Nuclear Waste Disposal
Wednesday, June 2, 2004; Page A24
WHEN IT COMES to the long-term storage of waste created during the manufacture of nuclear weapons, there are no easy solutions: These are materials that will remain radioactive for tens of thousands of years, and none of the scientific arguments about them are settled. For that reason, many were surprised last month to find that the Senate Armed Services Committee -- which doesn't usually make nuclear waste disposal rules -- has proposed to significantly change policy by inserting two paragraphs into the Defense Department authorization bill, after no testimony, no hearings and no public discussion.

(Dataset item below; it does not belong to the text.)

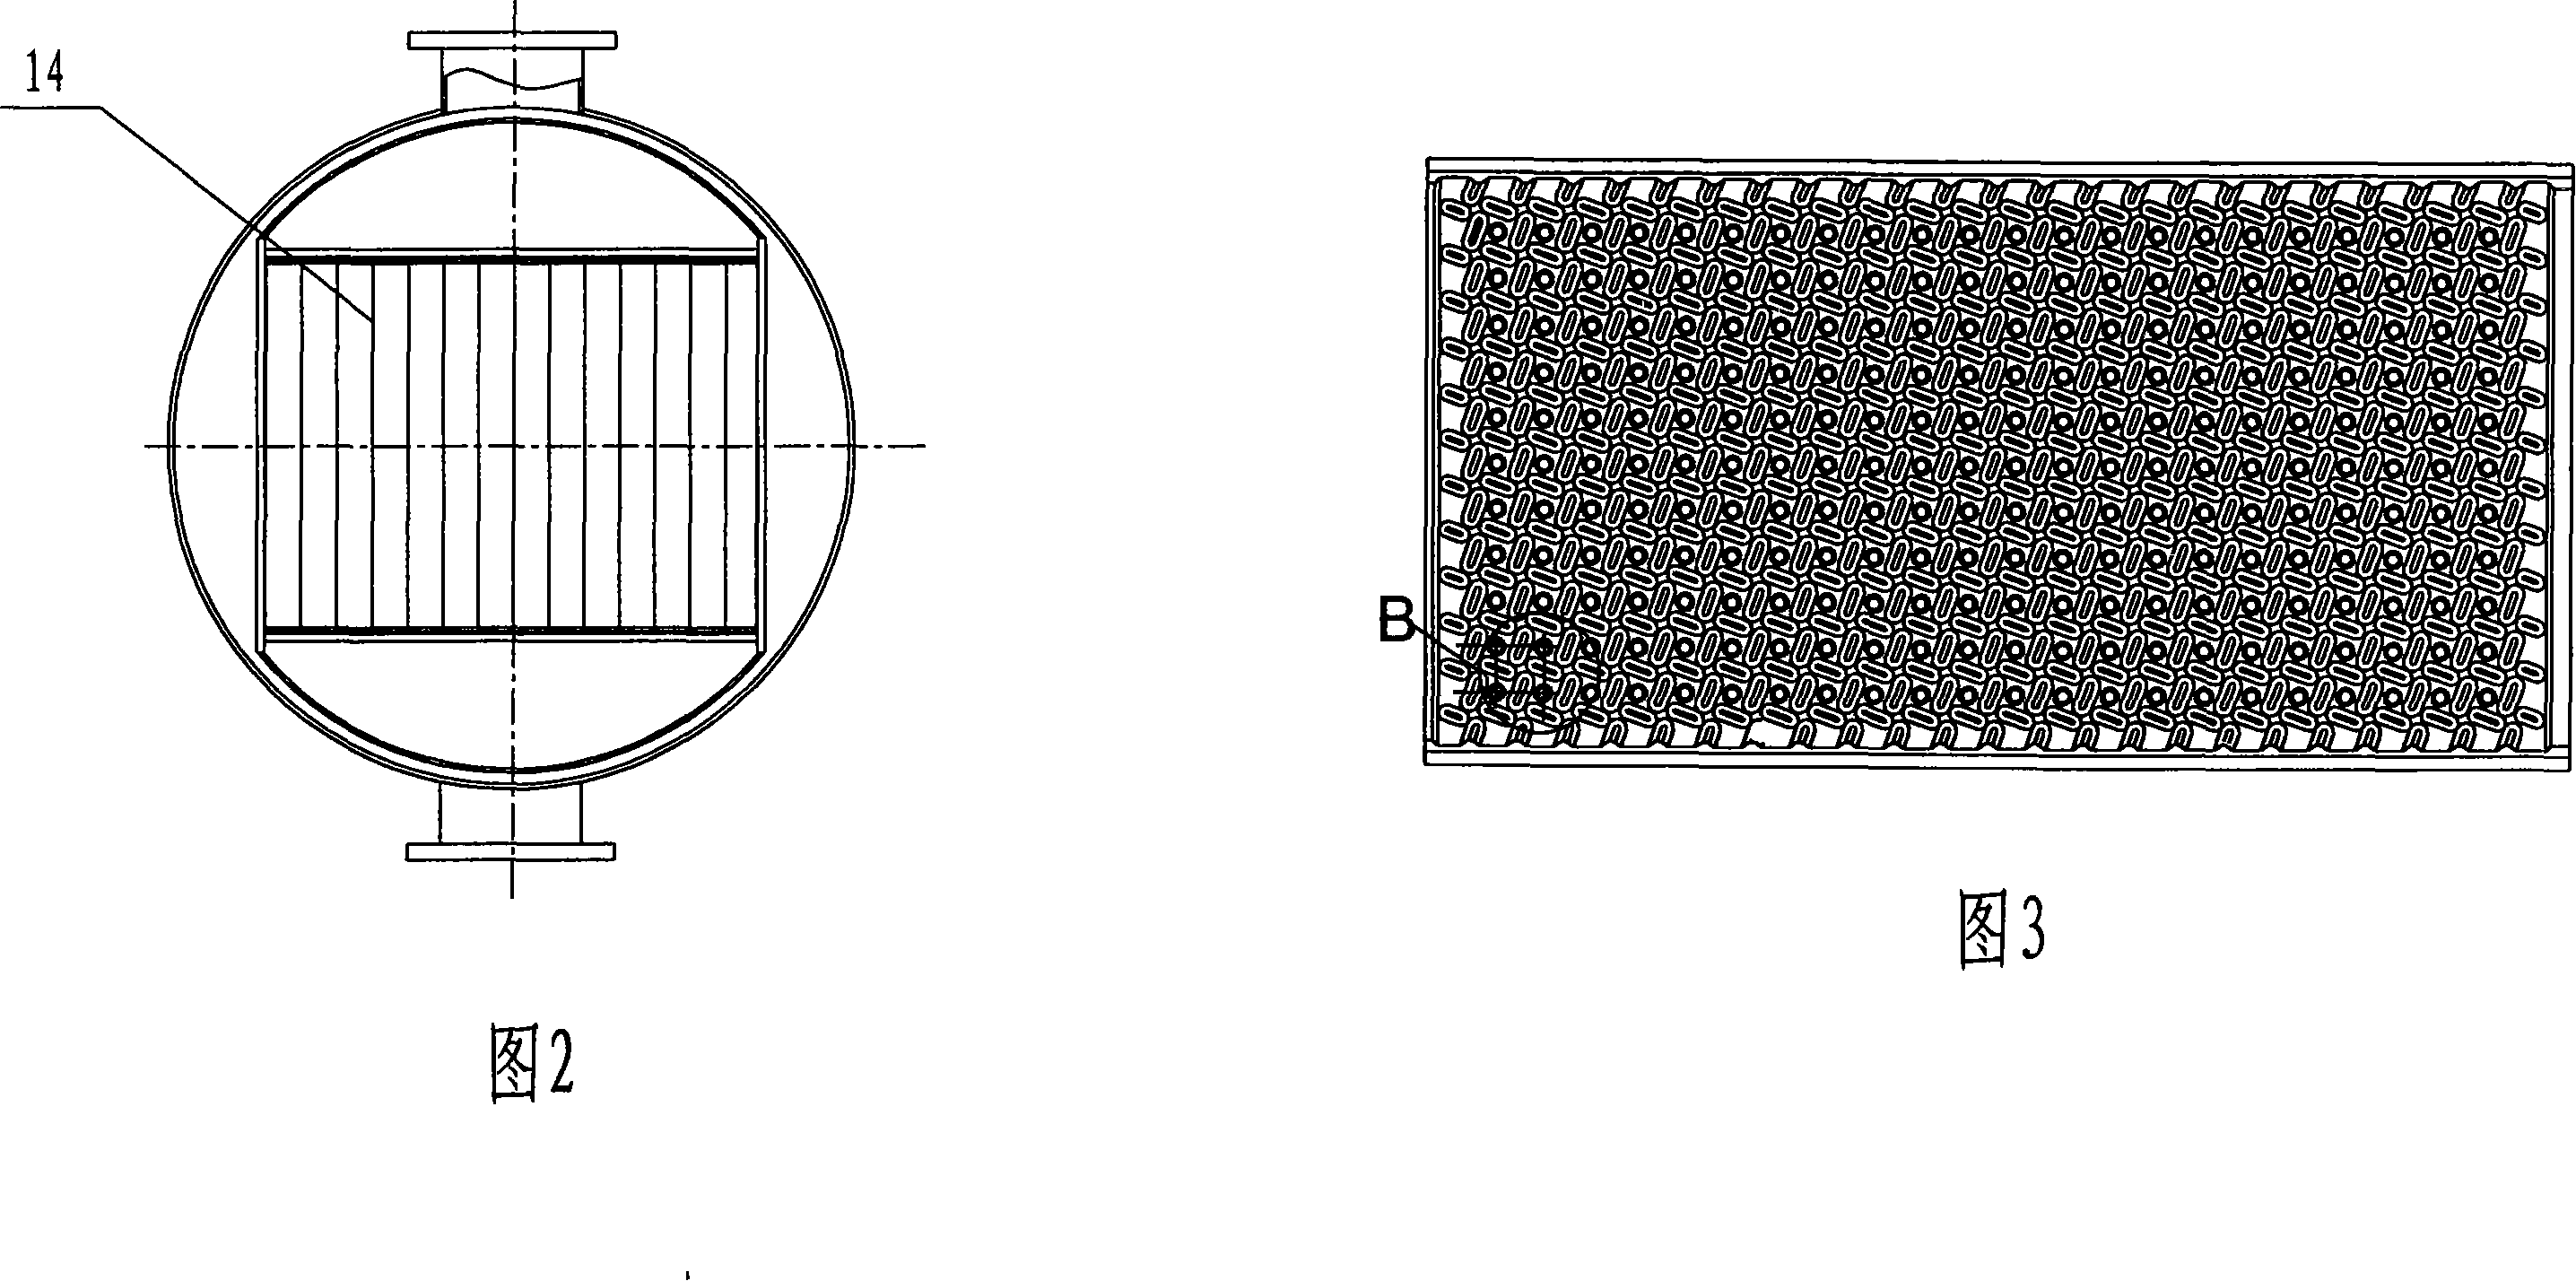 Plate-shell heat exchanger

If passed, these paragraphs could allow the Energy Department to clean up at least one site -- the underground nuclear waste storage tanks at the Savannah River facility in South Carolina -- "to the maximum extent practical," a standard that other legislators, notably Sen. Maria Cantwell (D-Wash.), say is vague and legally unprecedented. Both Ms. Cantwell and environmental groups say the department could, using this standard, cover a large quantity of radioactive sludge with concrete rather than removing the material -- an expensive but not impossible process -- for long-term storage at the Yucca Mountain site in Nevada. They also say that the standard would inevitably apply to Idaho and Washington, the two other states with underground storage tanks.

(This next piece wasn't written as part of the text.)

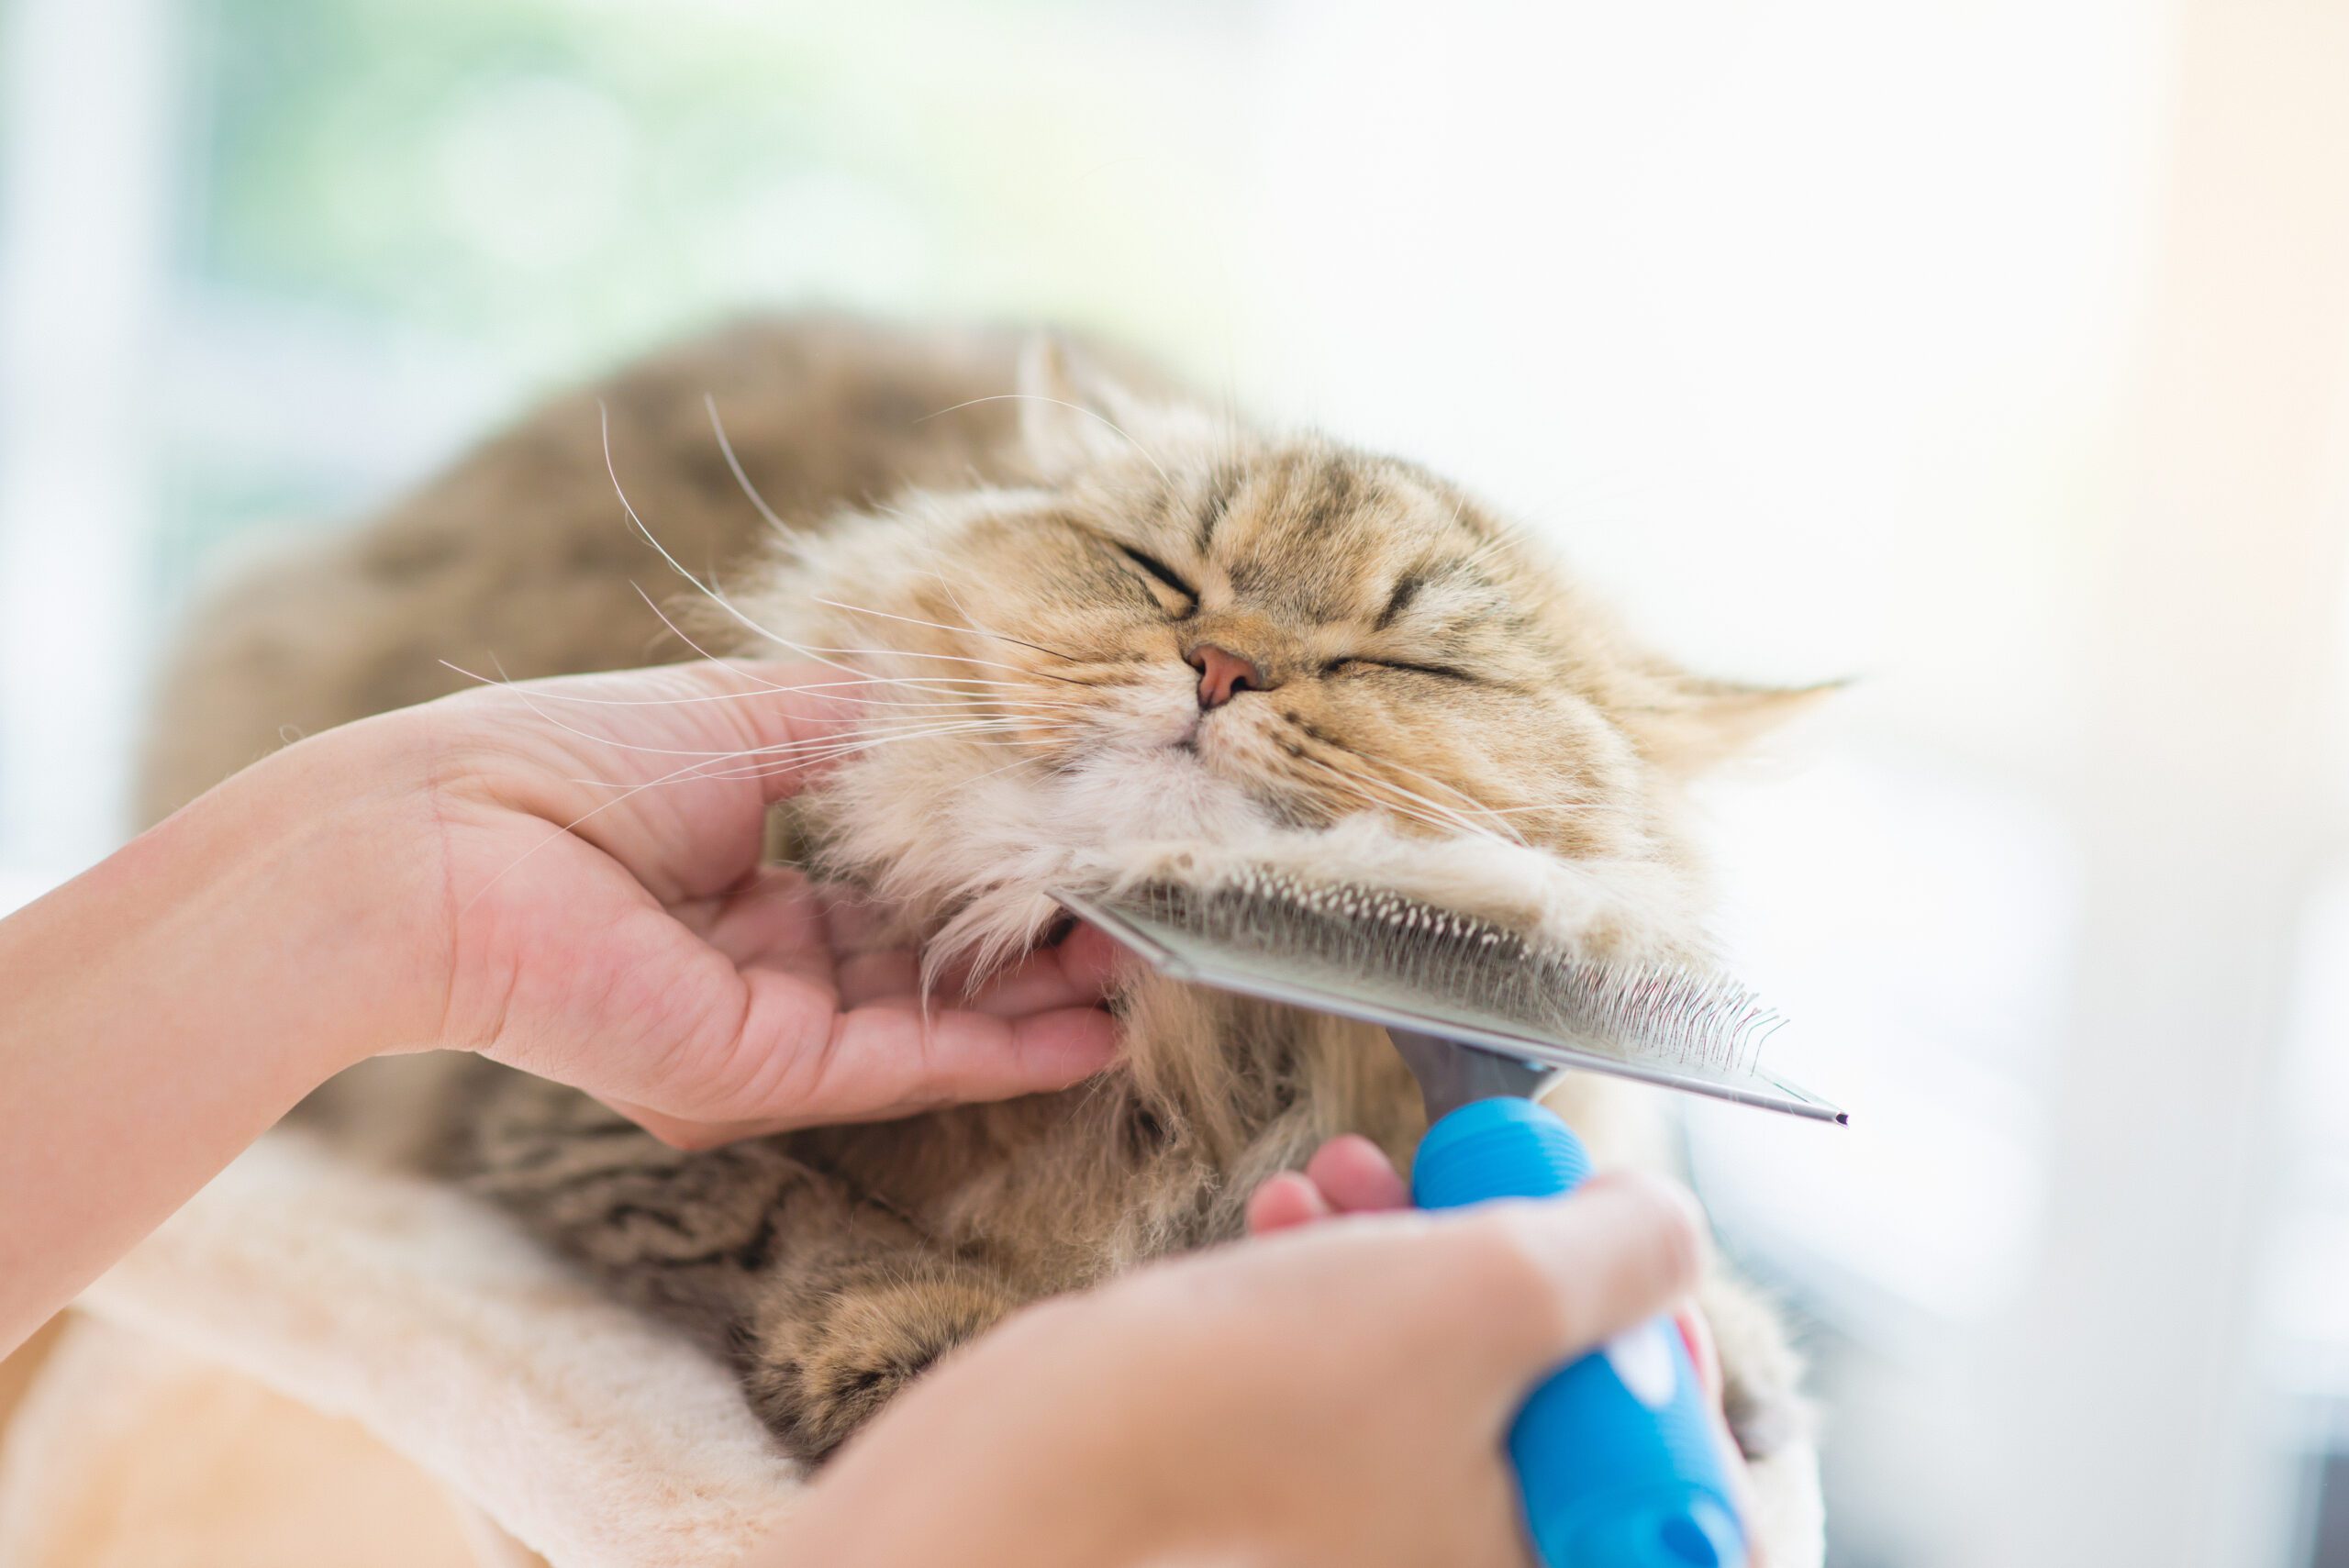 Persian Cat Grooming

By contrast, Sen. Lindsey O. Graham (R-S.C.), author of the legislation, argues that the changes will expedite the long-delayed cleanup in South Carolina and give his state control over the process, without forcing Idaho or Washington to accept the same conditions. To prove his point, Mr. Graham has offered an amendment designed to prevent the Energy Department from "rewarding" South Carolina for its cooperation with extra funding, and he says he will support more explicit language if necessary. For her part, Ms. Cantwell has offered an amendment striking out the relevant paragraphs altogether.

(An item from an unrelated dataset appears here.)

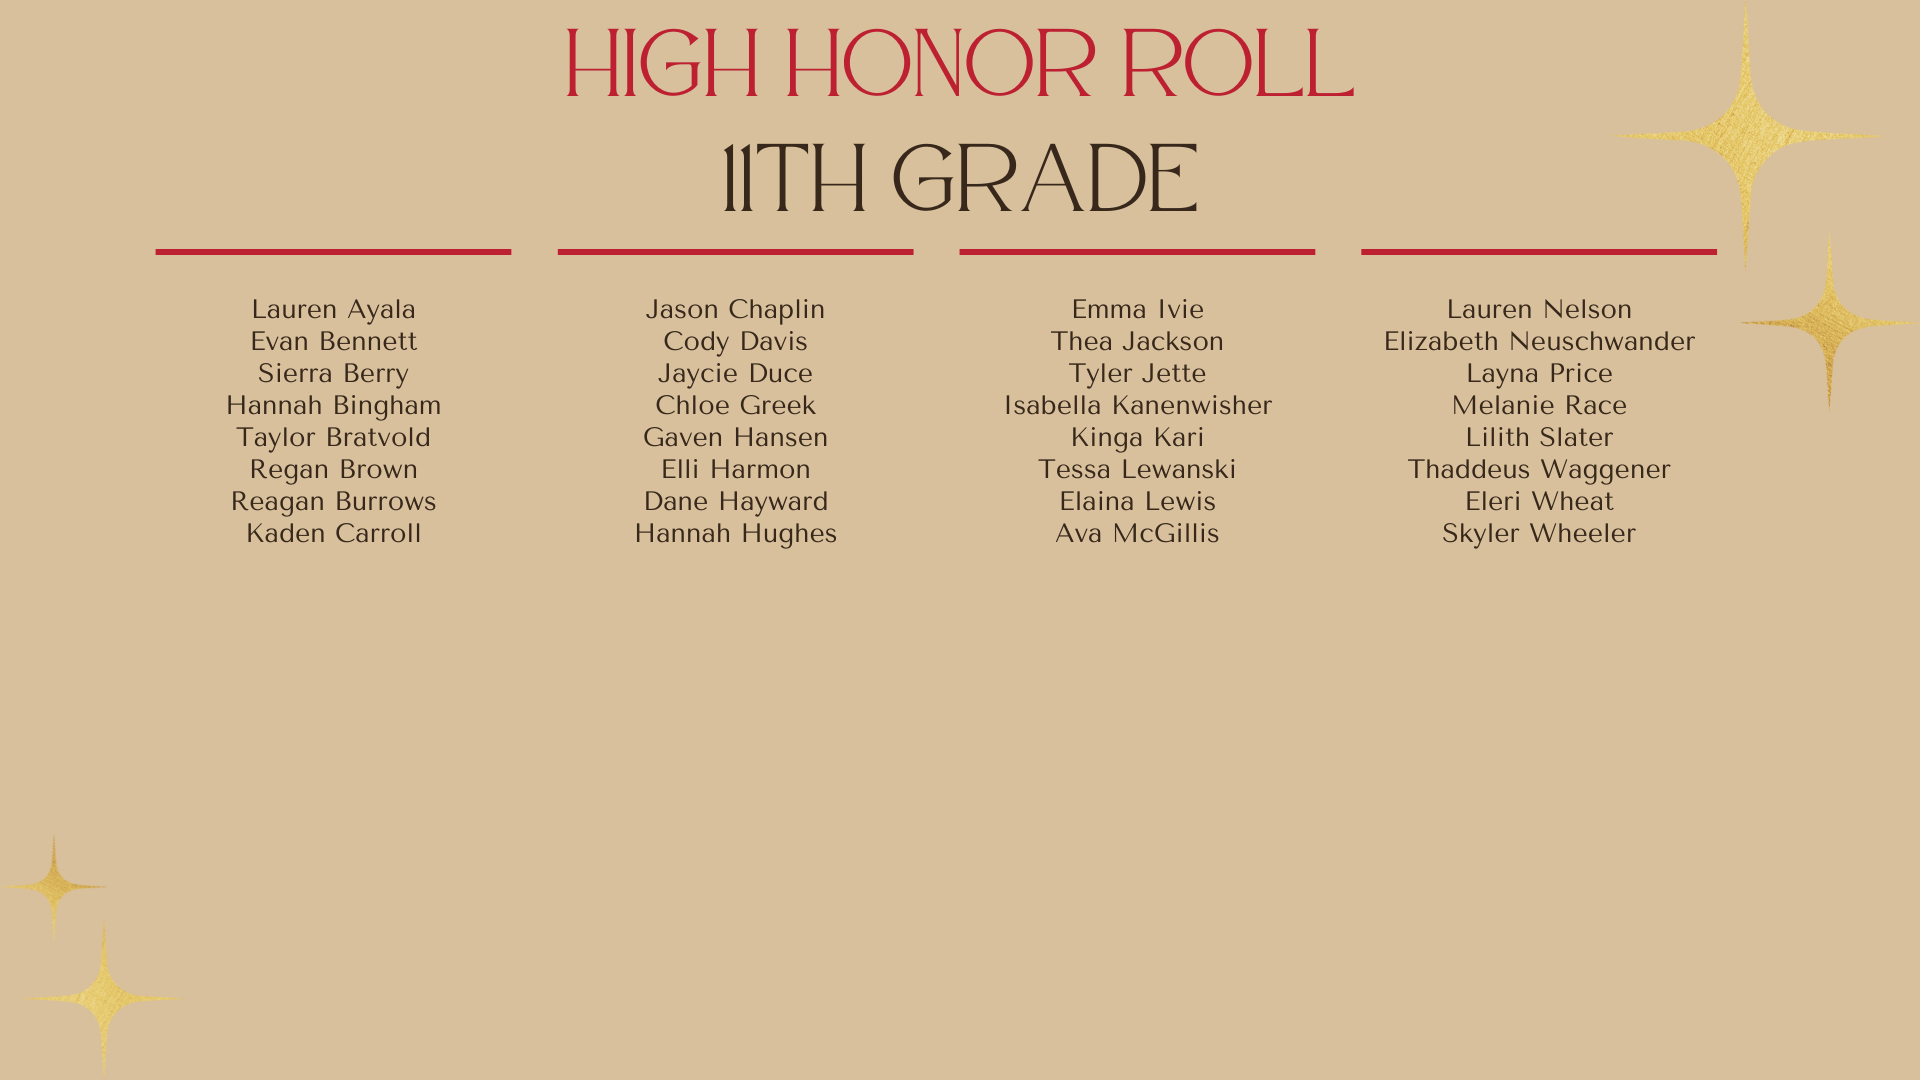 High Honor Roll 11th grade

At its heart, this argument -- which was acrimonious enough to stall the entire defense bill before the Memorial Day recess -- is about the lack of any national agreement about what "clean" means in the case of a nuclear waste site and about the absence of meaningful standards for the classification of nuclear waste. Everyone involved agrees that the federal government is ultimately responsible for disposing of the waste in these three sites. Nobody agrees on who determines when the disposal has been completed. But clearly, a situation in which states compete to reach private agreements with the Energy Department and then rush to put them into legislation is untenable. Congress should take this political spat as a sign that the previous rules still aren't working, determine clear jurisdiction and ensure that decisions are ultimately made according to the best scientific standards, not as the outcome of a political battle between states.